Jim Grant Slams Steve Liesman “The Fed Can Change How Things Look, But Not What They Are”

“I got up this early to talk, not to listen,” Jim Grant berates Fed-apologist Steve Liesman as the two go head-to-head over the fallacy that QE has been a success. “The Fed can change how things look, it cannot change what things are,” is the single-sentence summation of the mirage that the Fed’s “dangerous monetary manipulation” has created.

Arguing that Grant is wrong because, as we saw this morning with CPI, there is no inflation, Grant blasts back pointing to the massive inflation in asset prices, art, farmland, ferraris as indicative of who the Fed’s policies have helped. Grant adds to the list of obvious bubbles and even Joe Kiernan jumps in on his side against Liesman’s insistence that the Fed is omnipotent (because the currency hasn’t crashed… yet).

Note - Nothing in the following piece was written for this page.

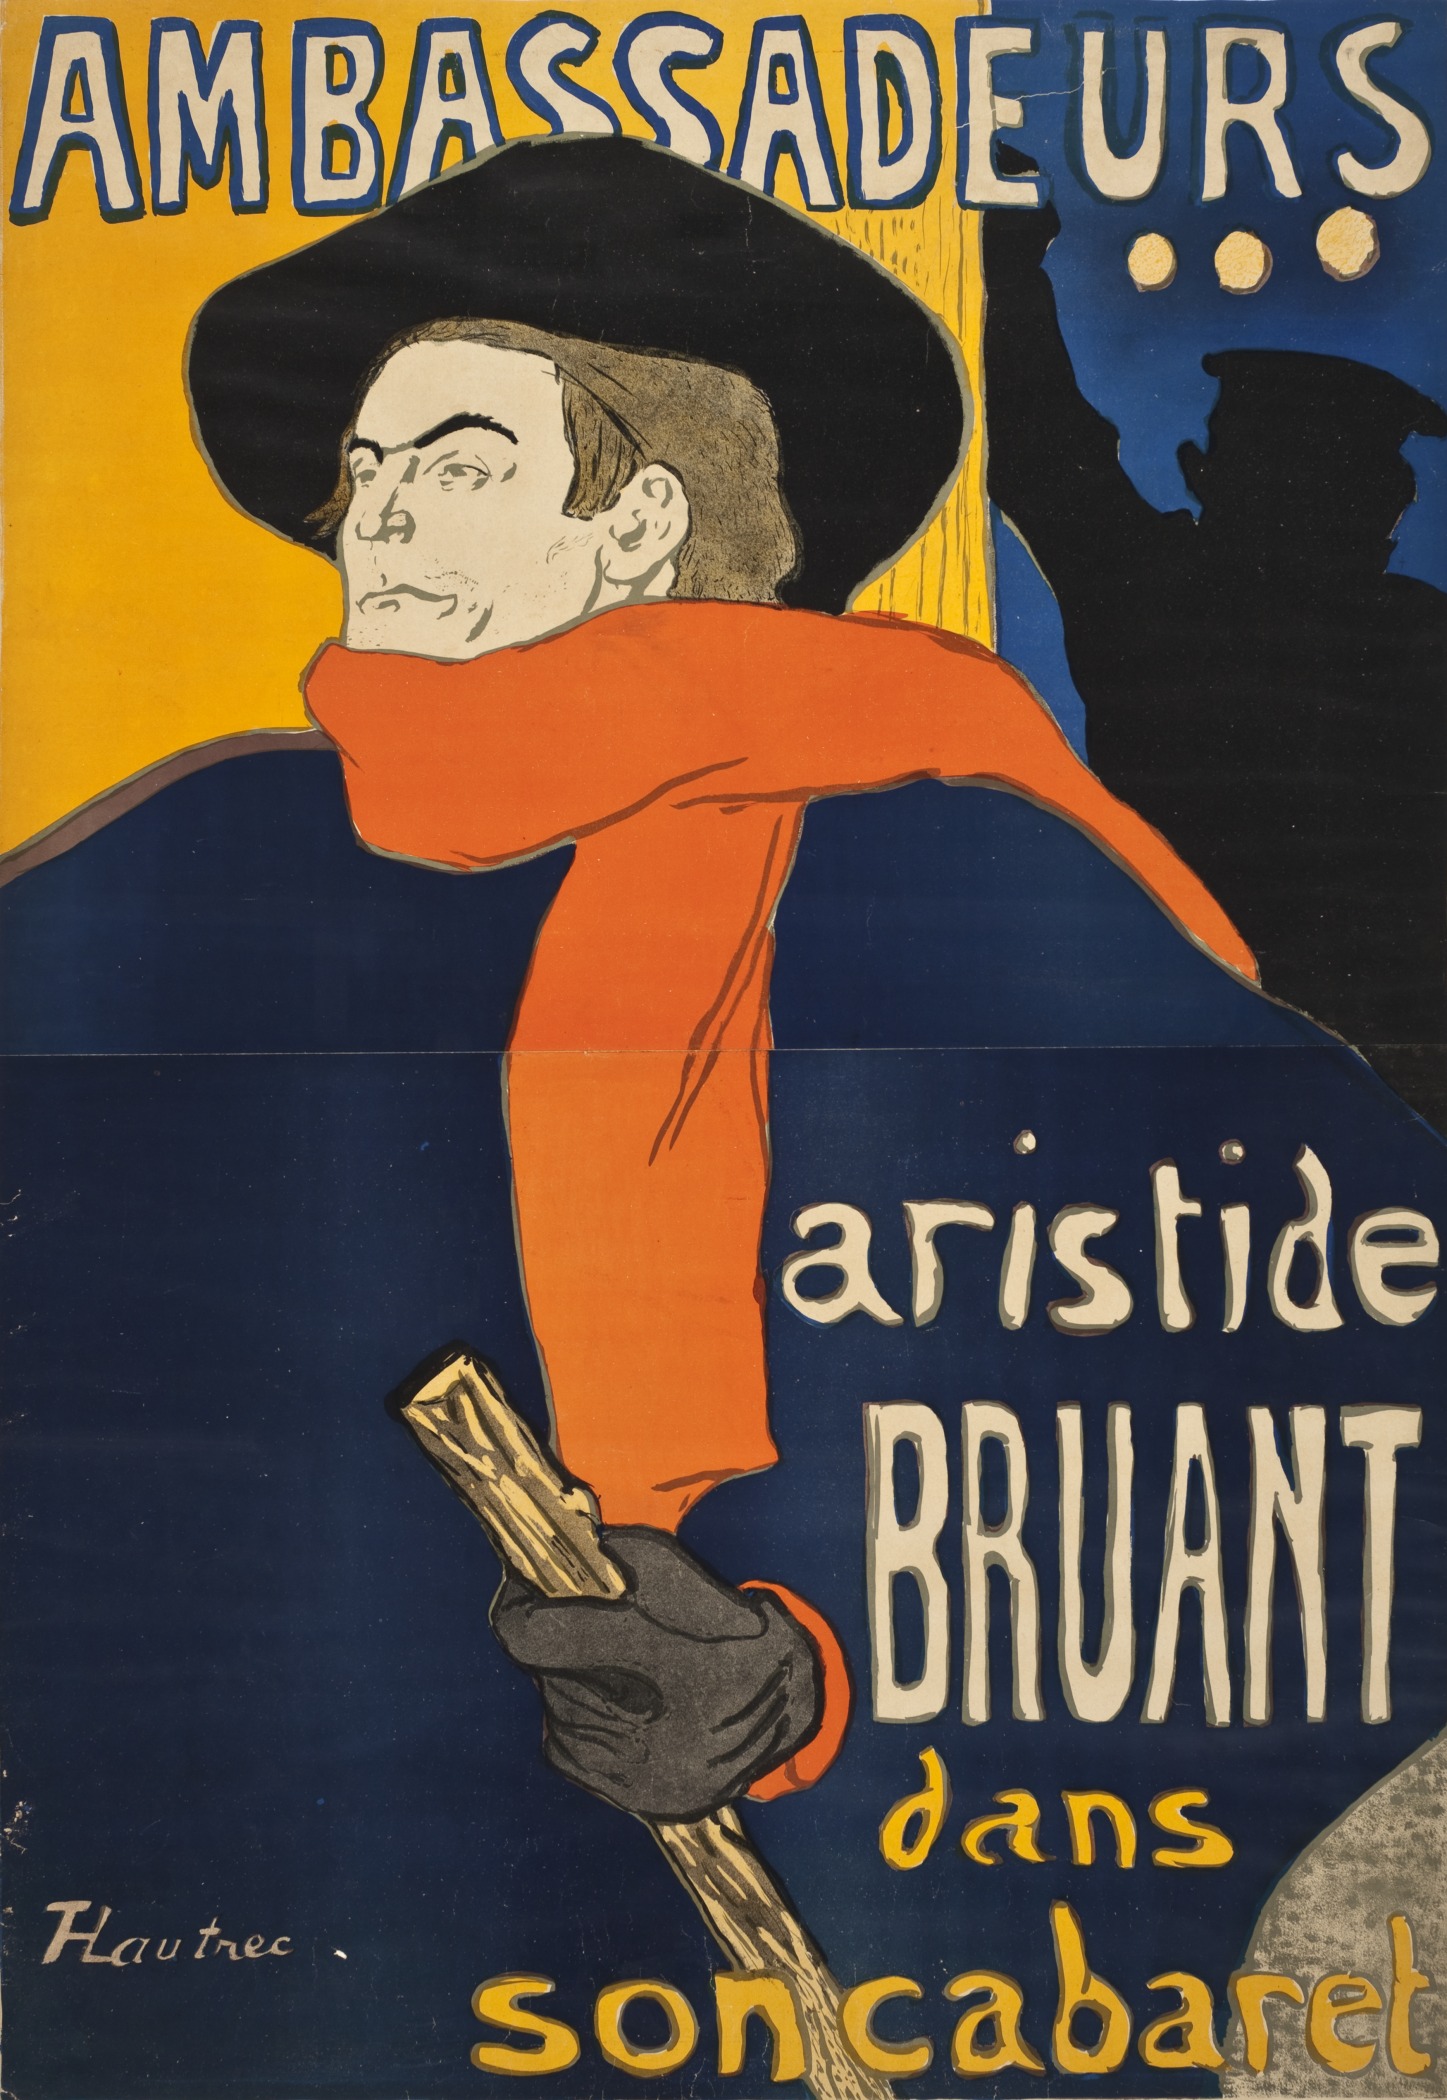 Ambassadeurs, Aristide Bruant by Henri de Toulouse-Lautrec - 1892 - 150 × 100 cm Private Sammlung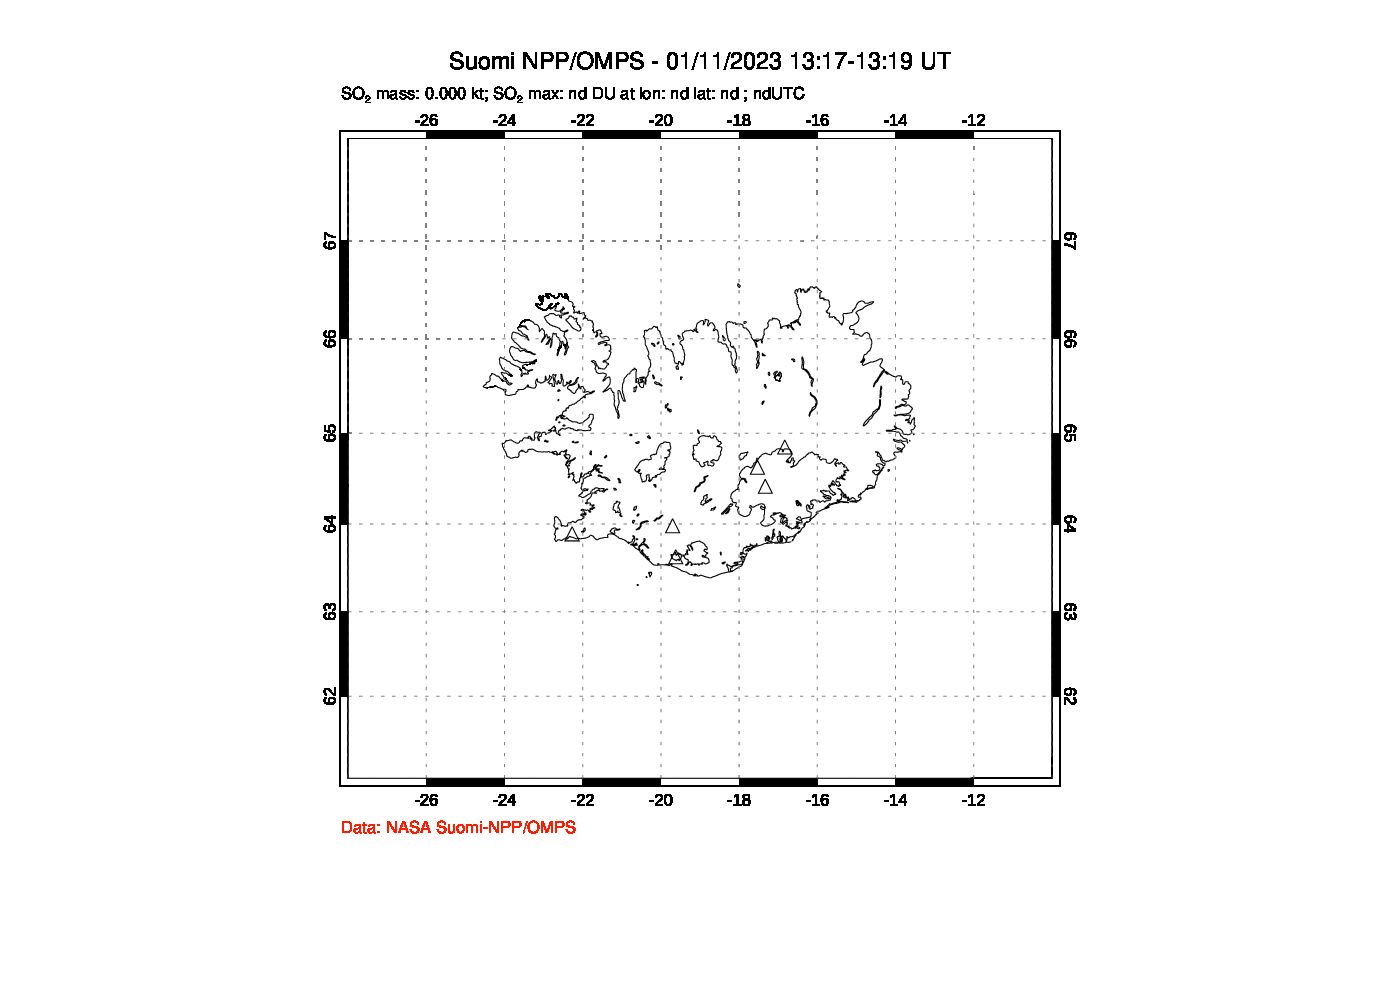 A sulfur dioxide image over Iceland on Jan 11, 2023.

150 seconds of perfect disequilibrium at the pretense of central planning…
 

And, as we noted previously, here’s why“The Rich Hold Assets, The Poor Have Debt”

This chart from Citi’s Matt King pretty much sums it up (and contrary to what Magic Money Tree growers will tell you, debt is not wealth).

Why is it important? Simple – contrary to the Fed’s flawed DSGE models, it is the poor who are more likely to consume. And logically with their purchasing power being funneled to the rich with every $85 billion in monthly debt monetization, they purchase less and less. As the slow but steady contraction in the economy over the past five years has proven beyond a reasonable doubt.

But hey: at least Hamptons’ houses have never been more expensive and the Russell2000 keeps on hitting daily all time highs. Thank you “wealth effect.”